Your assignment: Only one stretch of the listing below is wanted. Begin at the line that has "Neptunia Senran Kagura: Ninja Wars - PS4", stop after the line that has "Flacon saupoudreur romain", and repeat every line in between exactly.

Supplied records:

════════

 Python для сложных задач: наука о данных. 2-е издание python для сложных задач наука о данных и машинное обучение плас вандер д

════════

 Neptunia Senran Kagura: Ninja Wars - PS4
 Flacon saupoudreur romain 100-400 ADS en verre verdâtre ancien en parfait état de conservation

════════

Your response:
 Neptunia Senran Kagura: Ninja Wars - PS4
 Flacon saupoudreur romain 100-400 ADS en verre verdâtre ancien en parfait état de conservation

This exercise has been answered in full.